Indefinite Integral of Absolute Value of x? Is there a closed form solution?

Question

Been searching the net for awhile and everything just comes back about doing the definite integral. So just thought to ask here.

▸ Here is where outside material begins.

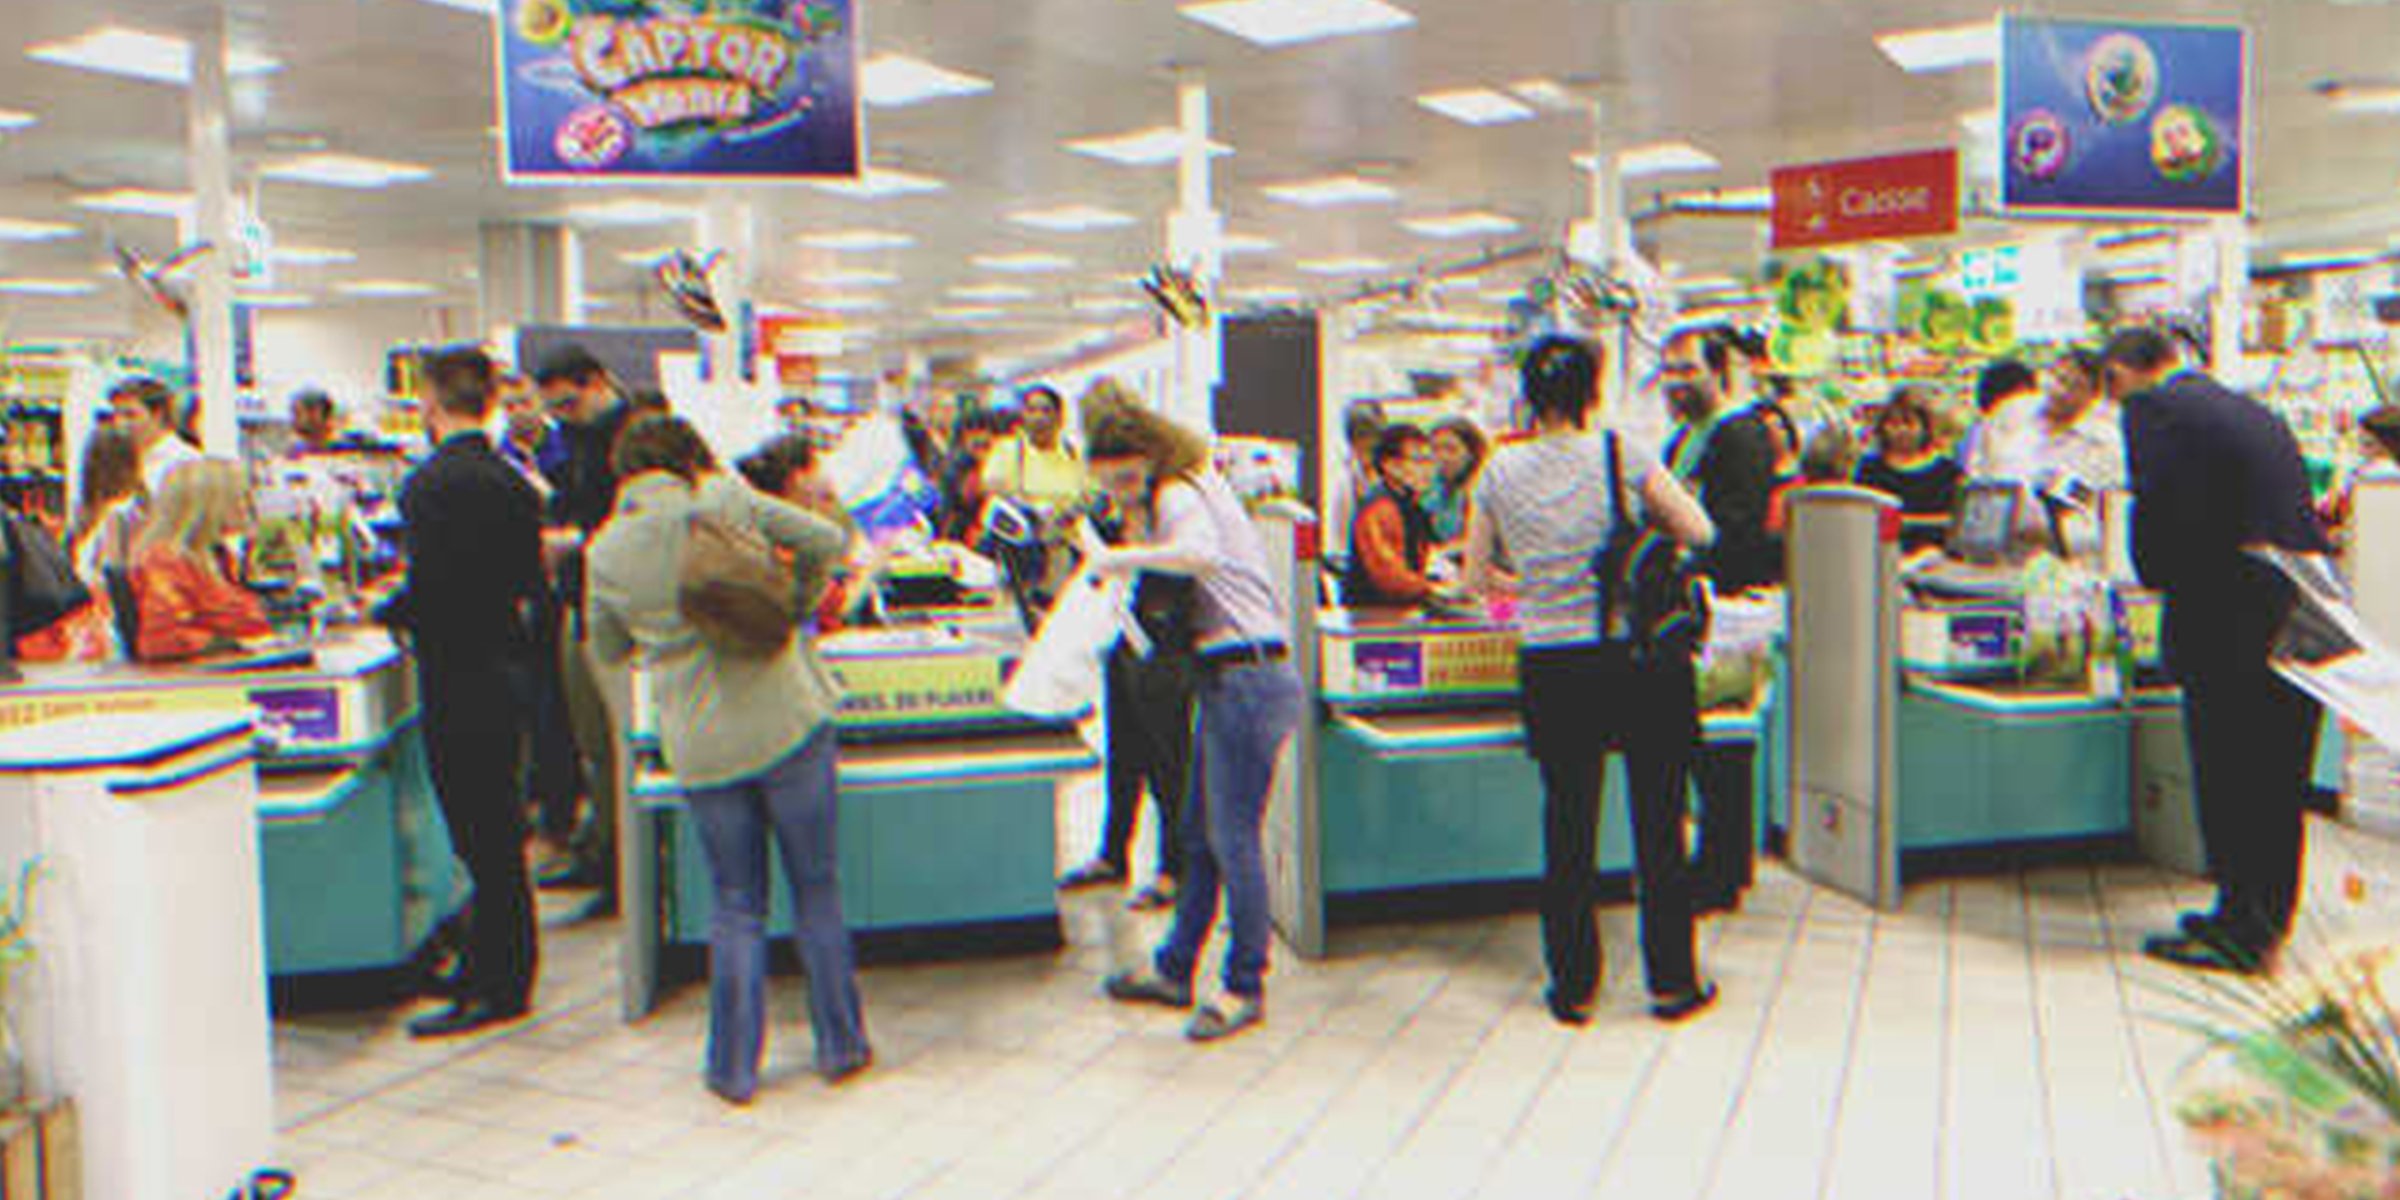 A crowded supermarket. | Source: Shutterstock
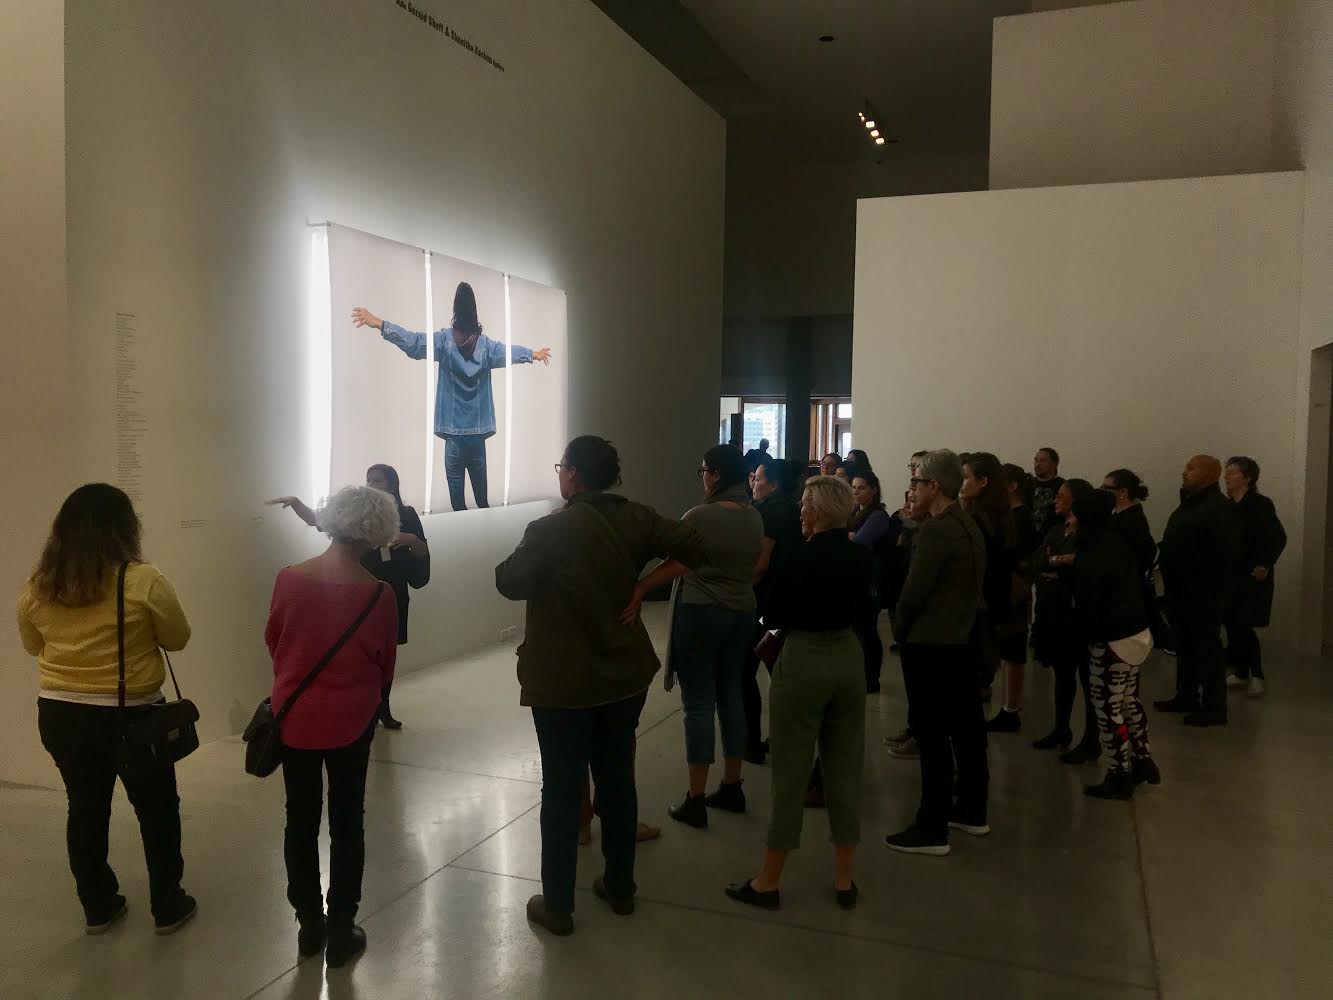  Tour of  Rebecca Belmore: Facing The Monumental  at the AGO with curator Wanda Nanibush, October 2018. Photo by Jessica Winters.

Title says it all. Is there a closed form solution for the indefinite integral $\int |x| dx$ ?

Answer 1

Using integration by parts

$$\int |x|~dx=\int \mathrm{sgn}(x)x~dx=|x|x-\int |x| ~dx$$

since $\frac{d}{dx} |x|=\mathrm{sgn}(x)$ on non-zero sets. This yields

$$\int |x| ~dx = \frac{|x|x}{2}~.$$

Answer 2

You are looking for a function $f(x)$ so that $$\int_a^b |x|dx=f(b)-f(a).$$ This is what is meant by $\int |x|dx$. I propose that $f(x)=x|x|/2$ is such a function. Let us test it. If both $a$ and $b$ are both positive, then $$\int_a^b |x|dx=\int_a^b x\,dx=b^2/2-a^2/2=b|b|/2-a|a|/2=f(b)-f(a).$$ If $a$ and $b$ are both negative, then $$\int_a^b |x|dx=-\int_a^b x\,dx=-b^2/2-(-a^2/2)=b|b|/2-a|a|/2=f(b)-f(a).$$ Finally, if $a<0$ and $b>0$, we get $$\int_a^b |x|dx=-\int_a^0 x\,dx+\int_0^b x\,dx=b^2/2+a^2/2=b|b|/2-a|a|/2=f(b)-f(a).$$ Of course, we could have $b<0$ and $a>0$, but then we could switch the limits, and this reduces to the third case.

Thus, $f(x)=x|x|/2$ is an indefinite integral, or antiderivative of $|x|$.

Answer 3

You can use $\frac{d(|x|)}{dx}=\frac{x}{|x|}$ and $\int|x|dx = \int \frac{x}{|x|}xdx$.

$\int|x|dx = \int xd(|x|)$, using integration by parts $\int|x|dx = x|x| - \int|x|dx $

$2\int|x|dx = x|x|$

$\int|x|dx = \frac{x|x|}{2}$

$\frac{x}{|x|}$ is a better way to define the sign function.